I began my lifelong love of gaming at an early age with my parent's Atari 2600.  Living in the small town that I did arcades were pretty much non-existent so I had to settle for the less than stellar ports on the Atari 2600, but for a young kid my age it was the perfect past time, giving me something to do before Boy Scout meetings, after school, whenever I had the time and my parents weren't watching anything on TV.  I recall seeing Super Mario Bros. played on the NES at that young age and it was something I really wanted.  Come Christmas of 1988 (if I recall) Santa brought the family an NES with Super Mario Bros./Duck Hunt and I've been hooked ever since.

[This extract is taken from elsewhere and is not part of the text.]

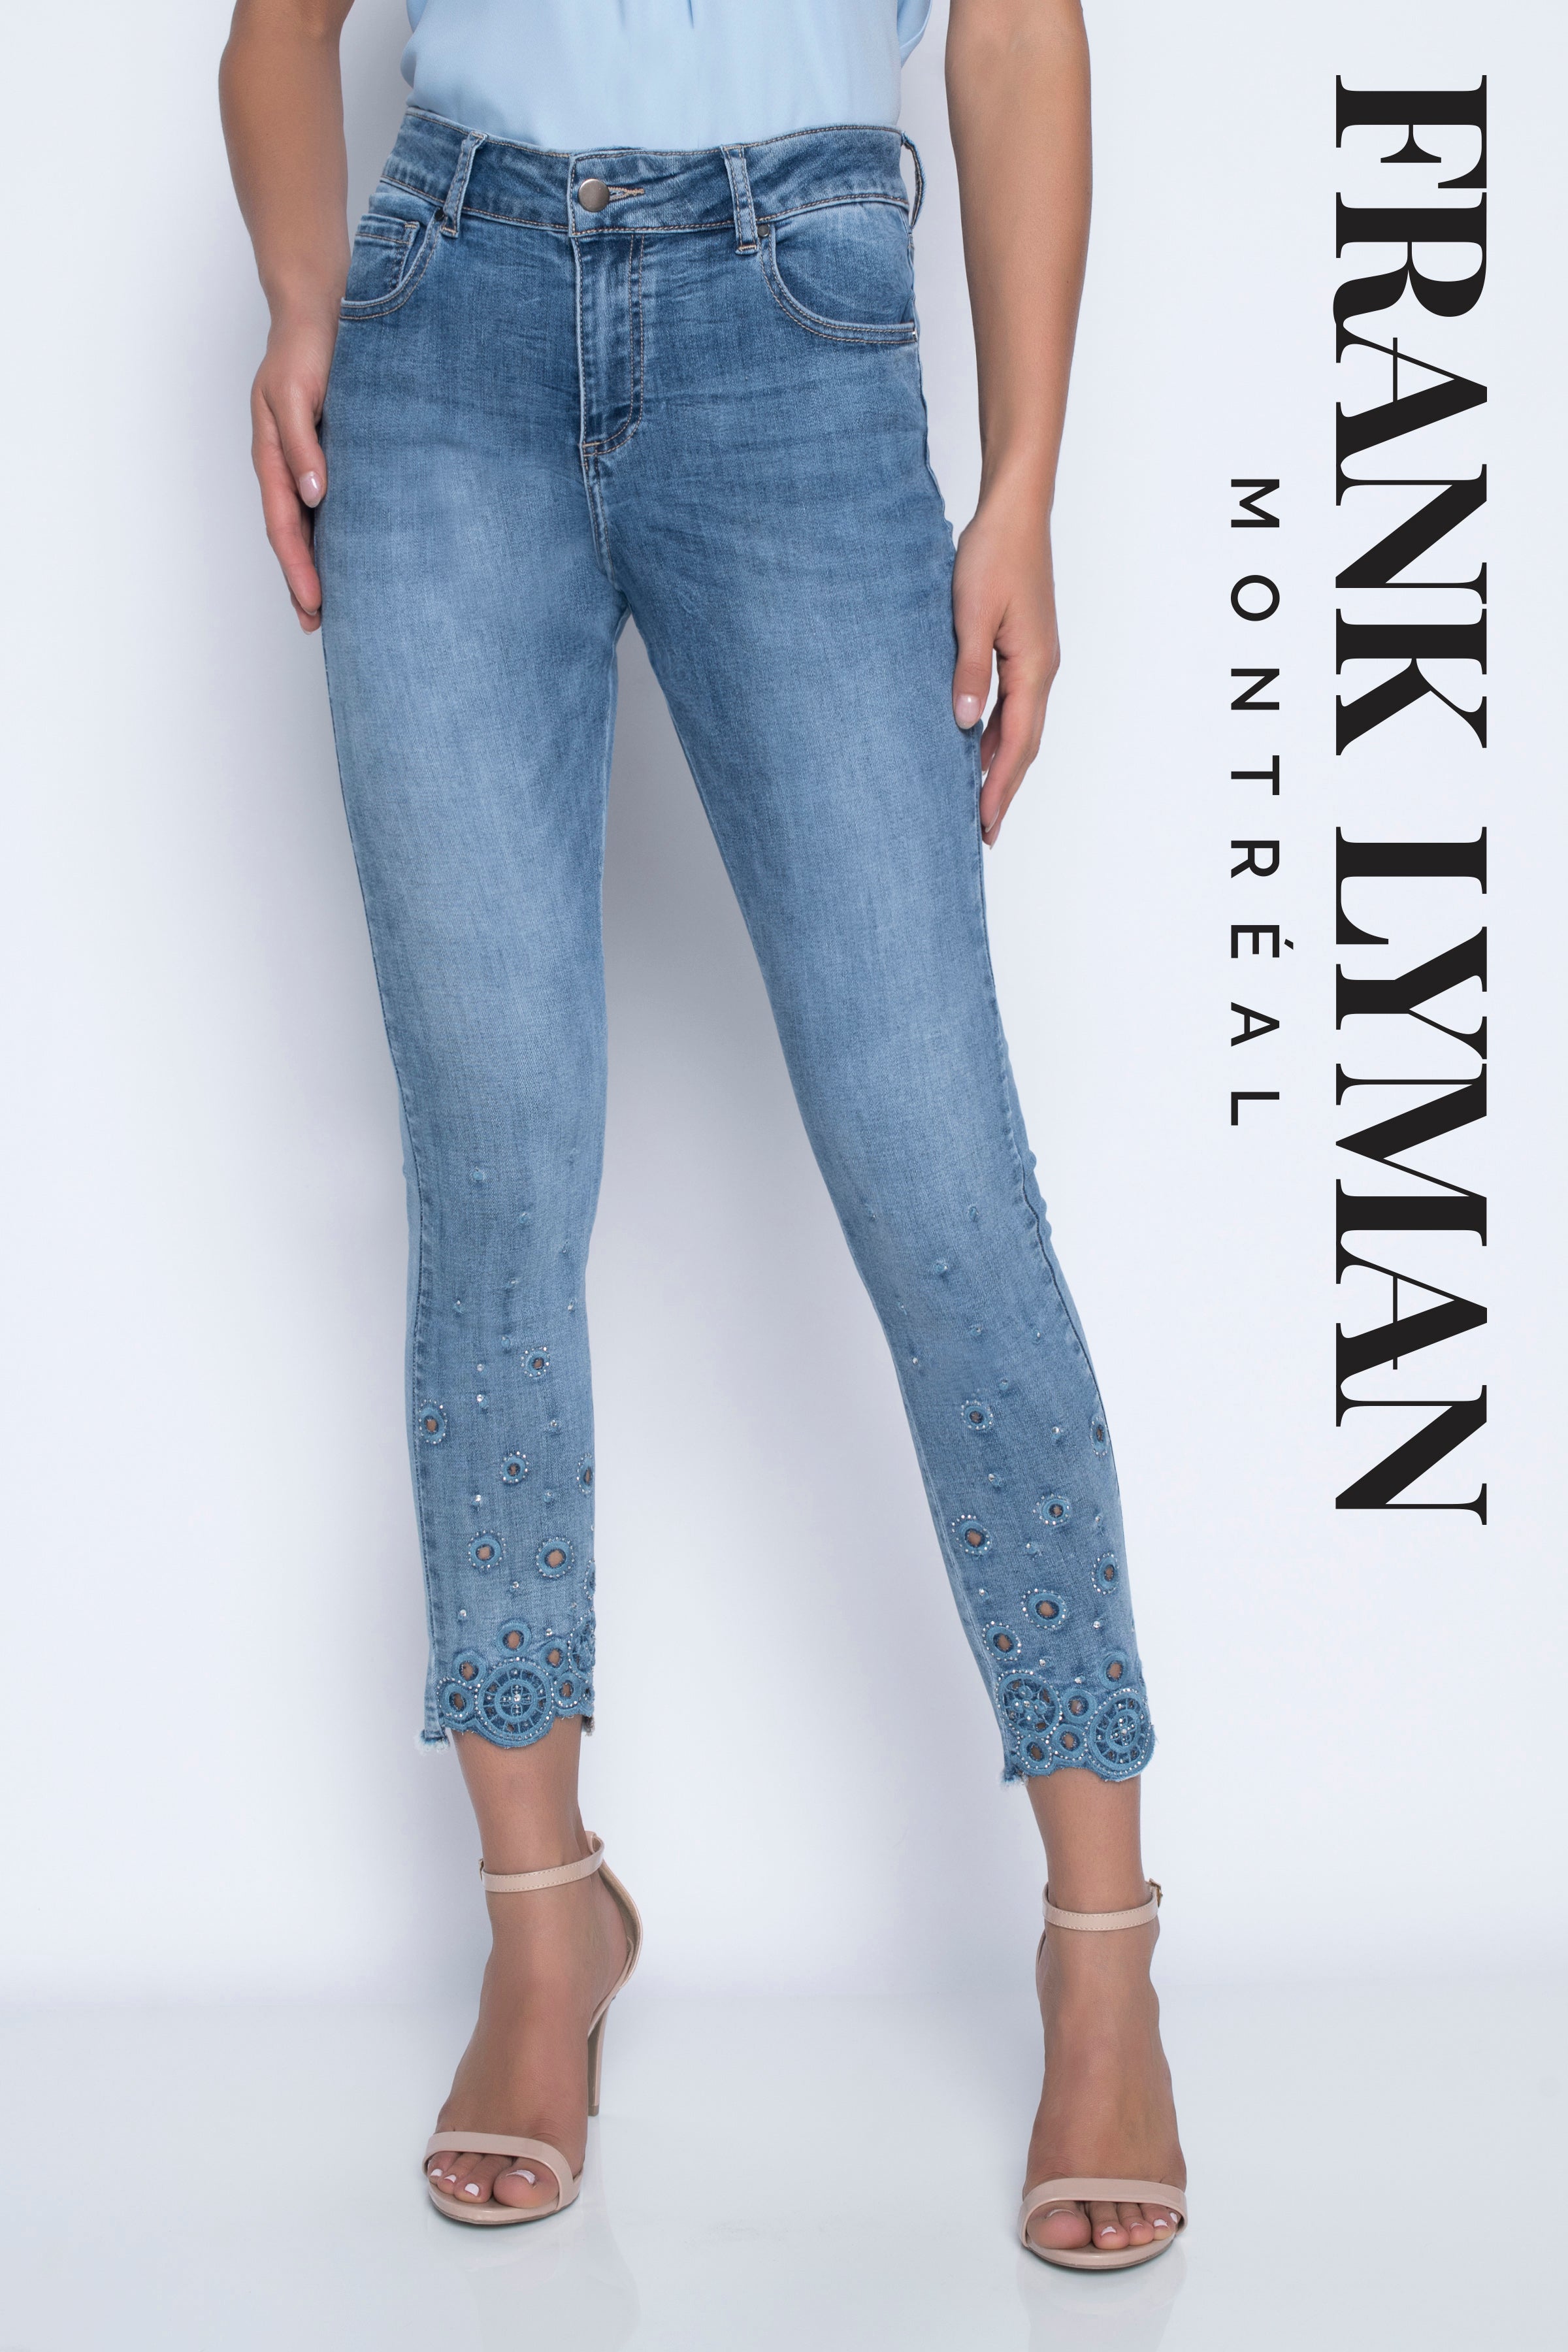 Frank Lyman Jeans-Frank Lyman Denim-Frank Lyman Jeans Online

Over 25 years from the first time I picked up an Atari joystick and I'm more hooked on gaming than I ever have been.  If you name a system, classics to moderns, there's a good chance I've not only played it, but own it.  My collection of systems spans multiple decades, from the Odyssey 2, Atari 2600, and Colecovision, to the NES, Sega Genesis, and Panasonic 3DO, to more modern systems such as the Xbox and Wii, and multiple systems in between as well as multiple handhelds.  As much as I consider myself a gamer I'm also a game collector.  I love collecting the older systems not only to collect but to play (I even own and still play a Virtual Boy from time to time).  I hope to bring those multiple decades of gaming experience to my time here at Gaming Nexus in some fashion.

In my spare time I like to write computer programs using VB.NET (currently learning C# as well) as well as create review videos and other gaming projects over on YouTube.  I know it does seem like I have a lot on my plate now with the addition of Gaming Nexus to my gaming portfolio, but that's one more challenge I'm willing to overcome.